8kidsdad.....missed the nail I think. Yes, previous generations were spanked. Hmmm, founding fathers also were the ones that thought it was ok to own slaves. And they hung people in the town square. Yes, generations up to Clinton (and beyond) were spanked. We are speaking of the genrations that are now adults. How many adults today are depressed, have anxiety disorders, adult ADD and ADHD? How many adults today are in therapy? Have sleep disorders or are over weight? You can't tell me that the "spanking genration" didn't leave these spanked kids (now adults) with long lasting phychological effects? Today most adults are on an anti-depressents, it's common. Coincidence? I don't think so. Spanking lowers a child's self esteem. Lowered self esteem leads to a laundry list of problems.

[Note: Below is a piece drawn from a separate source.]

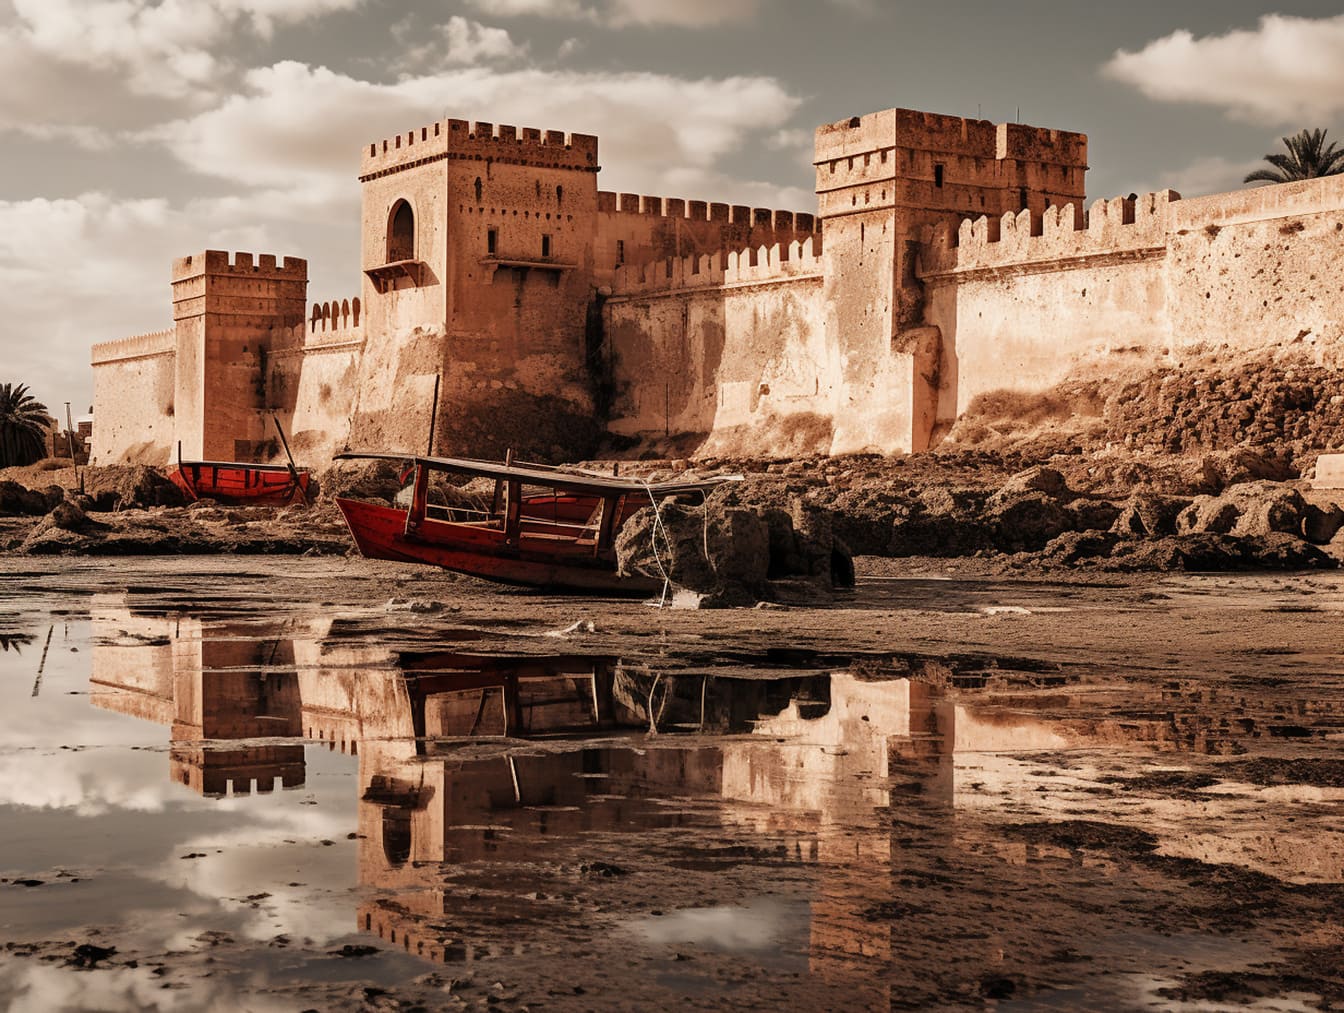 Castillo medieval con una gran muralla y barca en el lecho del río en época de sequía

Motherof2...sounds to me like the well being of your couch is more important to you than the well being of your child. With all due respect. I am not trying to be rude, just stating my opinion. You could teach little Tommy the same lesson without hitting him.

My child will not be spanked. My child knows that mommy is a "safe place". Mommy will never hurt you...physically, emotionally or psychologically. Mommy WILL teach you life lessons and how to behave, but without hurting you. Instead of spanking, why don't you go buy yourself a parenting book?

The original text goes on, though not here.